Heh, just remembered we do have something related to hairpinning in the Engine. A quick search gives a promising answer: https://github.com/moby/moby/blob/a43ed47441d57620d60dd450a037173bfab19703/libnetwork/drivers/bridge/bridge_linux.go#L1134-L1139
Docker Desktop doesn't have a 'userland proxy' (because it's not needed), so hairpinning is automatically enabled for bridge interfaces.
I'm pretty sure br_flood is called only because the bridge doesn't know which port is associated to the dest mac address.
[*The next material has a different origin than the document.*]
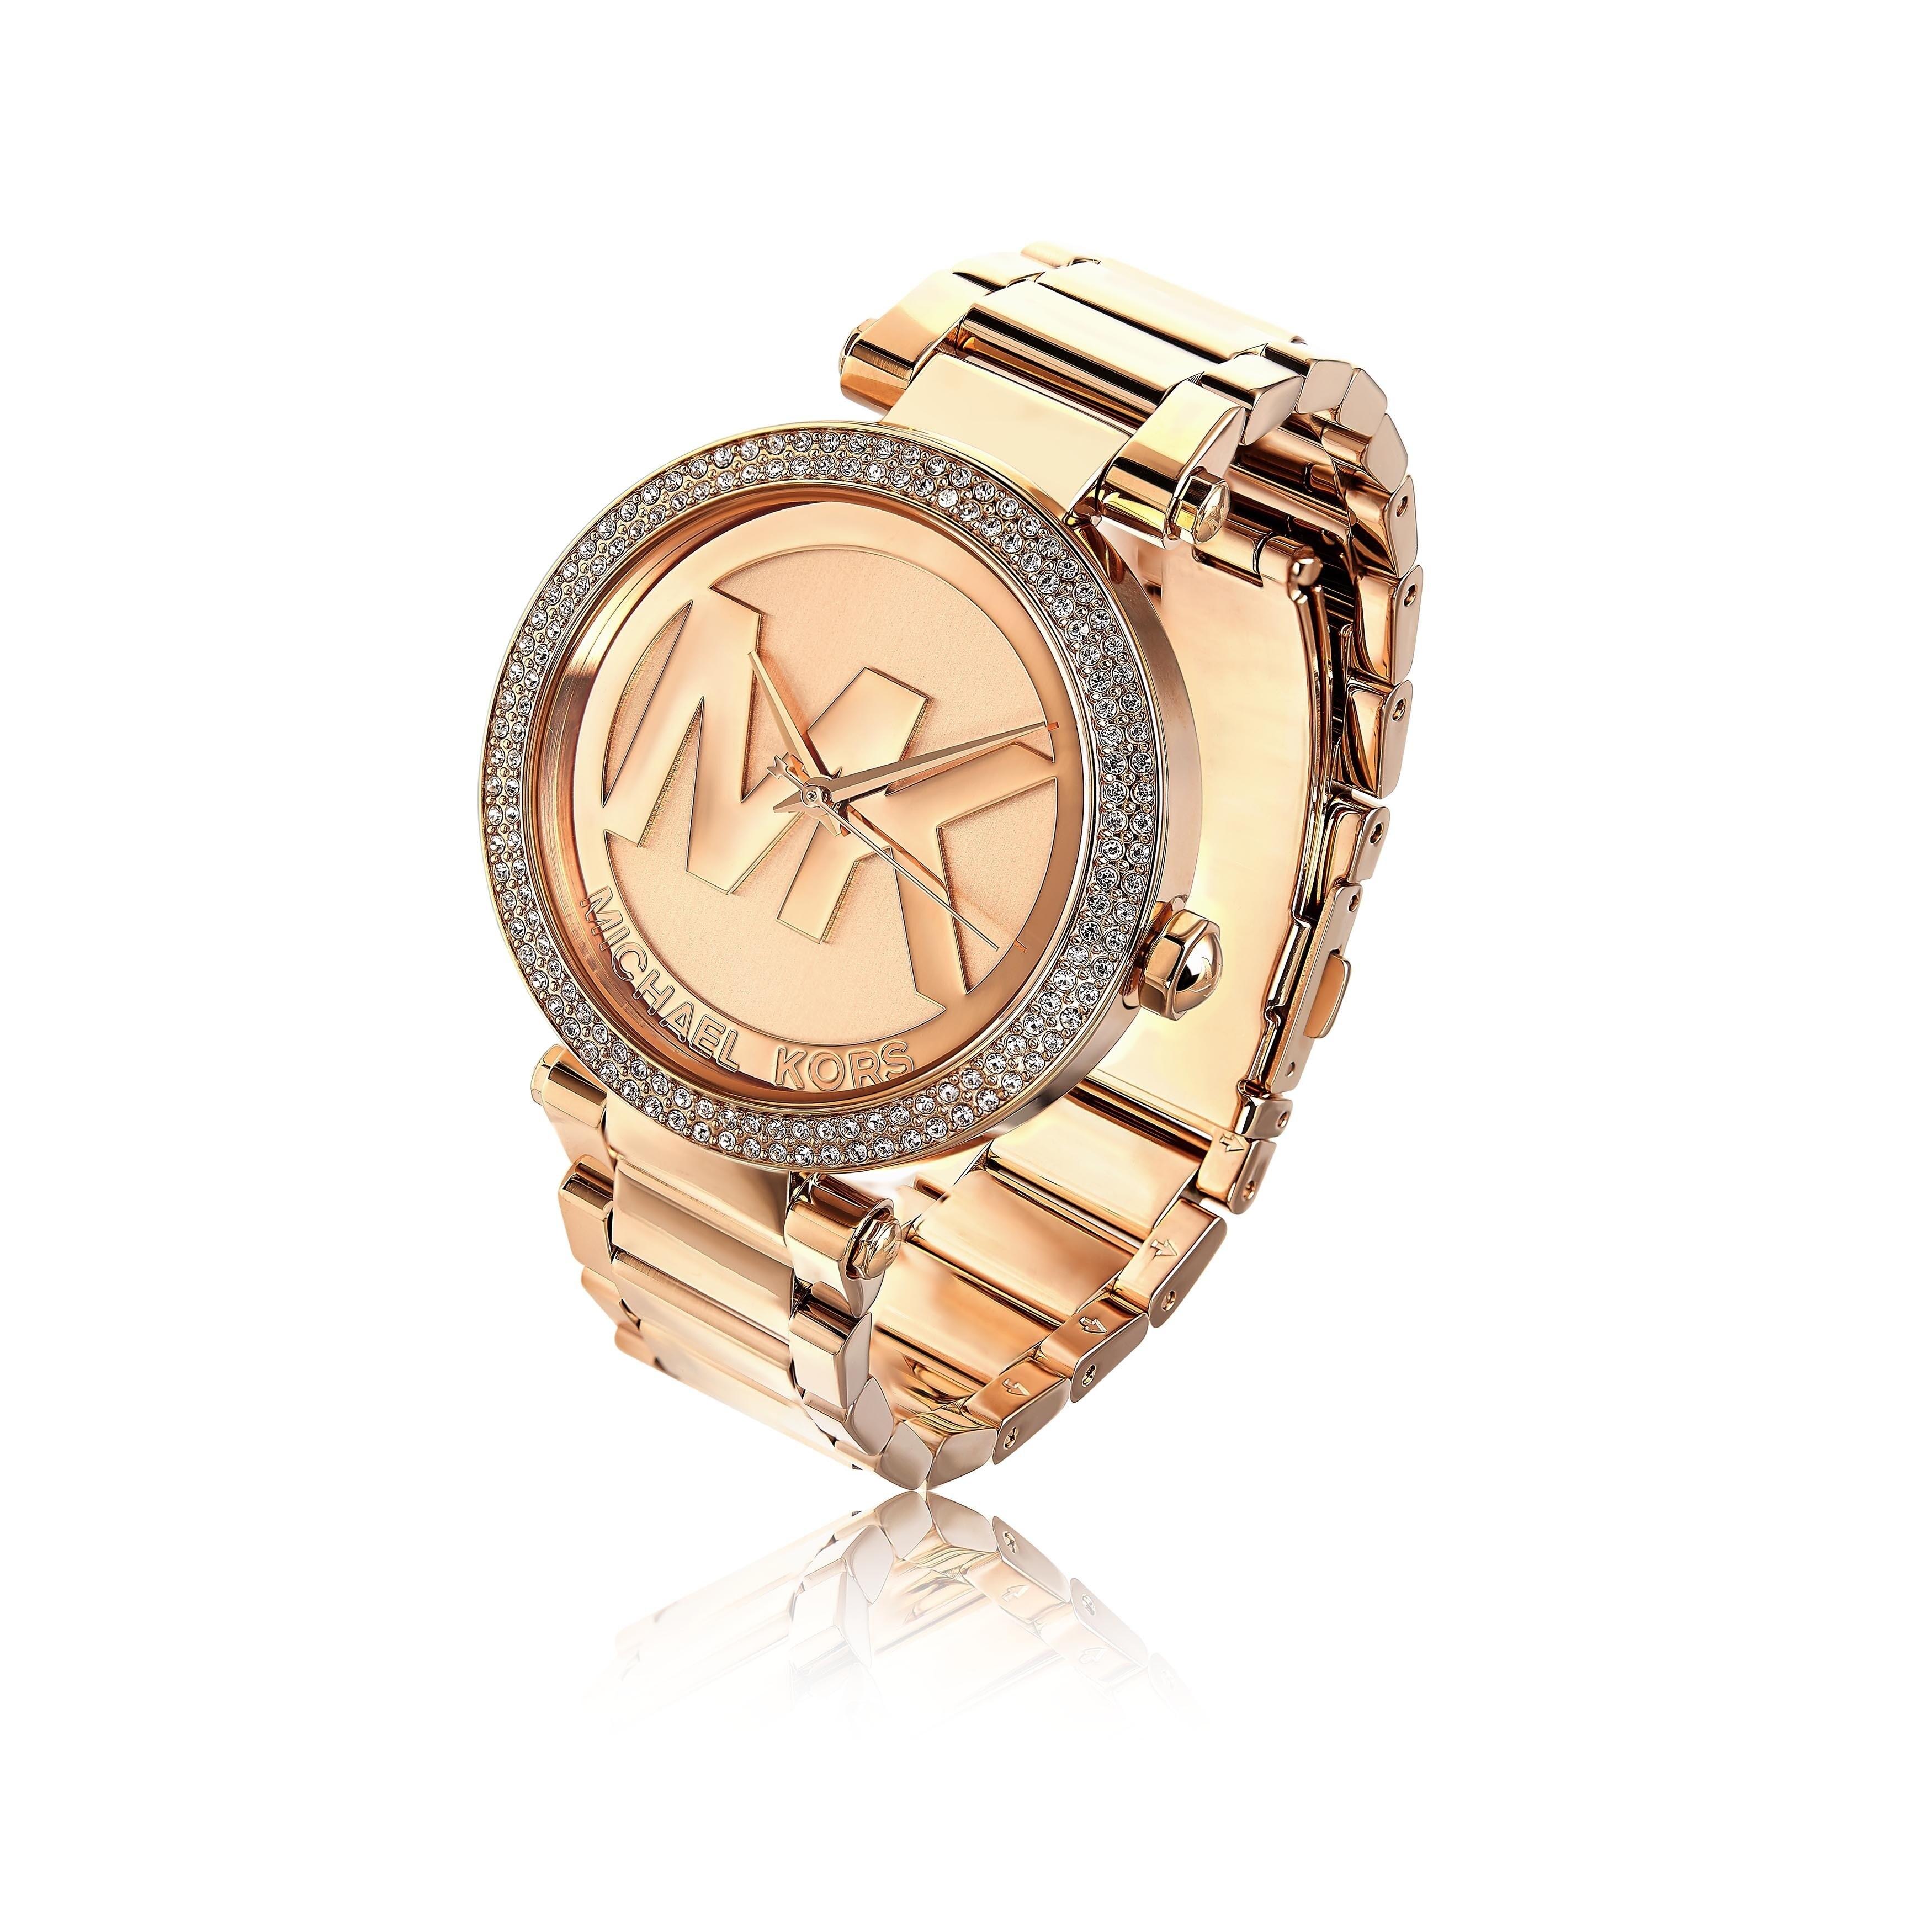 19f820745f44 Shop Michael Kors Women s MK5865  Parker  Logo Dial Rosetone Watch - Free  Shipping Today - Overstock - 9189434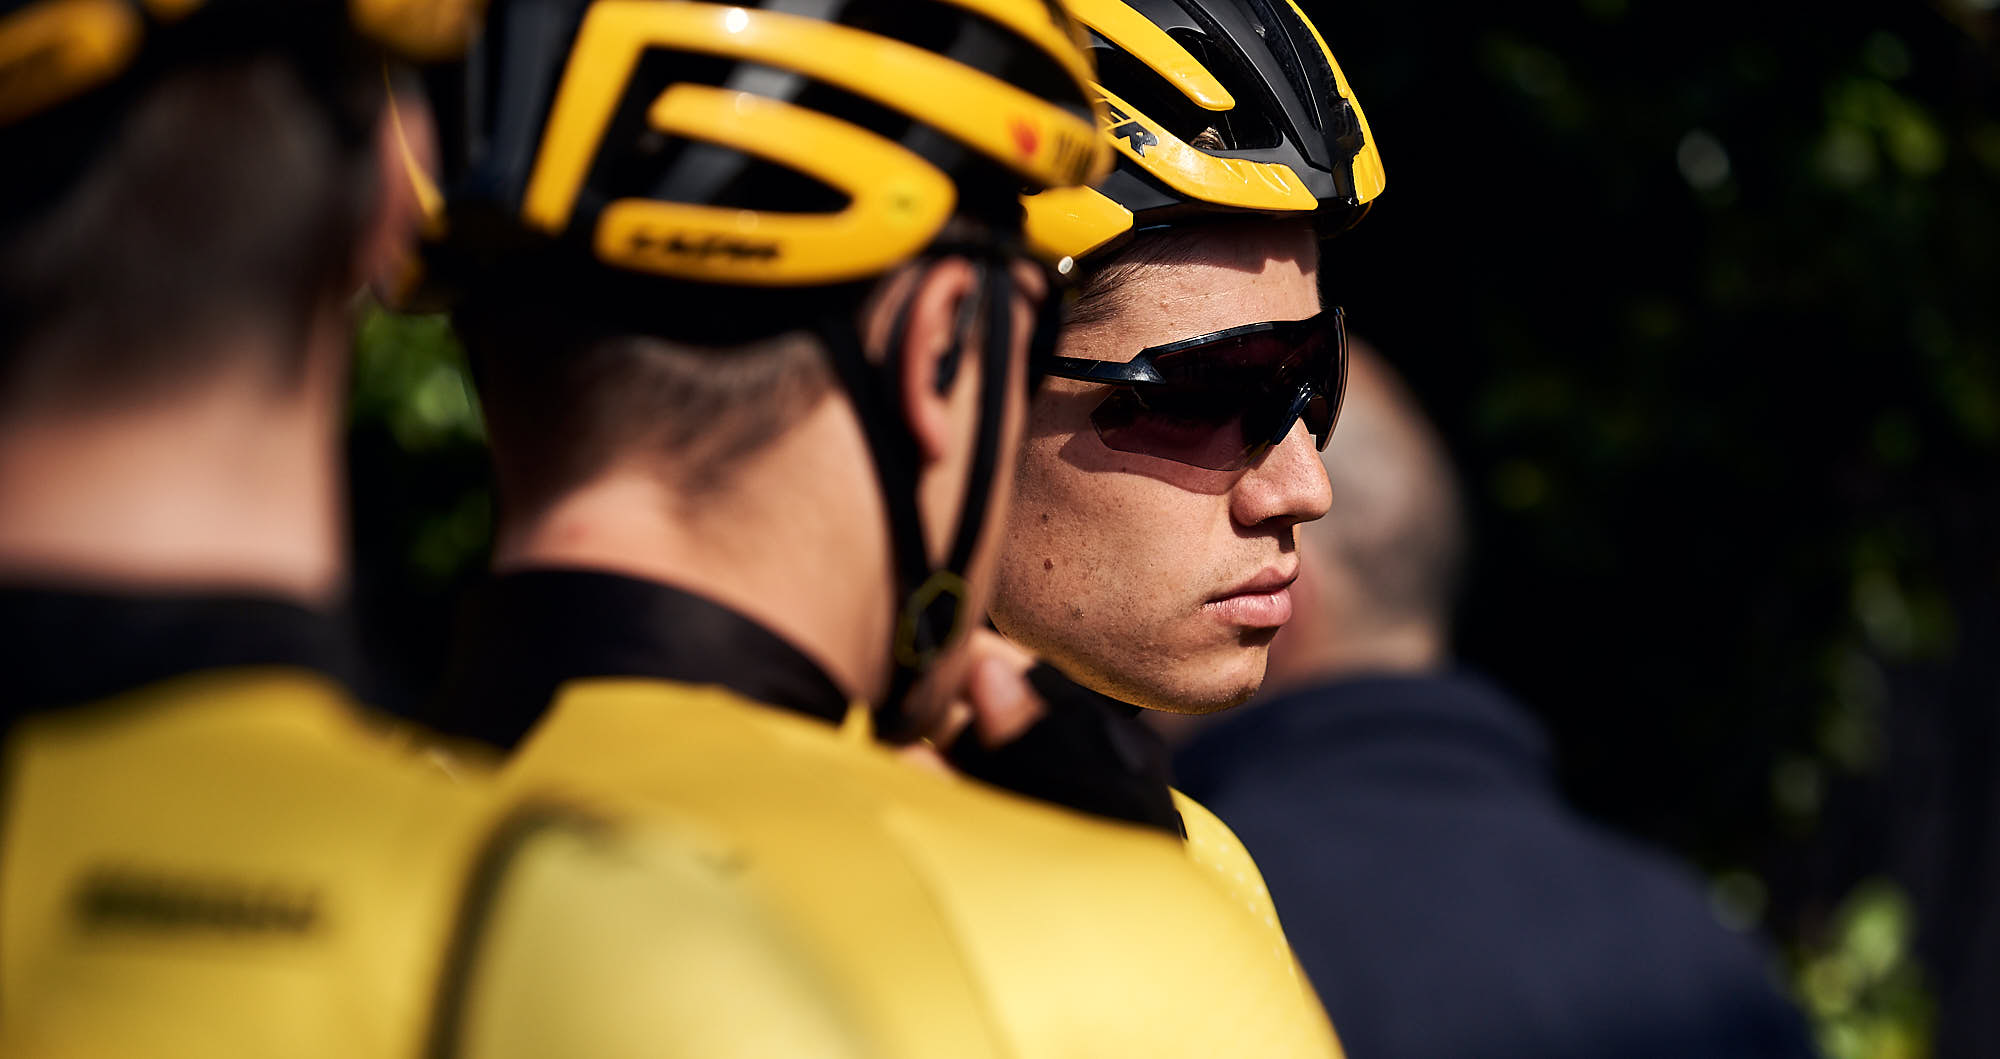 Jumbo-Visma rider Wout van Aert just before Strade Bianche

I think you'd need to manually update it (with your container's MAC address) before sending that frame to make sure you won't get a duplicate.
Or maybe try to create a tun/tap device and run your tests using that interface to be fully decoupled from docker's managed interfaces.
Hi Albin! thanks for the analysis. Unfortunately in my case I won't be able to manipulate MAC addresses, due to the way the development environment is set up. What's not clear to me though, is why the problem is NOT happening with docker under Linux and Windows? And only happens on mac?
I guess docker-proxy isn't disabled on Desktop for Linux / Windows, and that makes the hairpin mode to not be enabled on your container's bridge interface.
Could you try adding the following to your daemon.json (Settings > Docker Engine on the GUI, or ~/.docker/daemon.json):
"userland-proxy": "/usr/bin/docker-proxy"
I think it'll work but I'm not 100% confident.
indeed, the problem can be fixed on mac by enabling userland proxy in Docker app -> Settings -> Docker Engine:
{
"features": {
"buildkit": true
},
"userland-proxy": true
}
I guess this will be enough.. thanks for your help.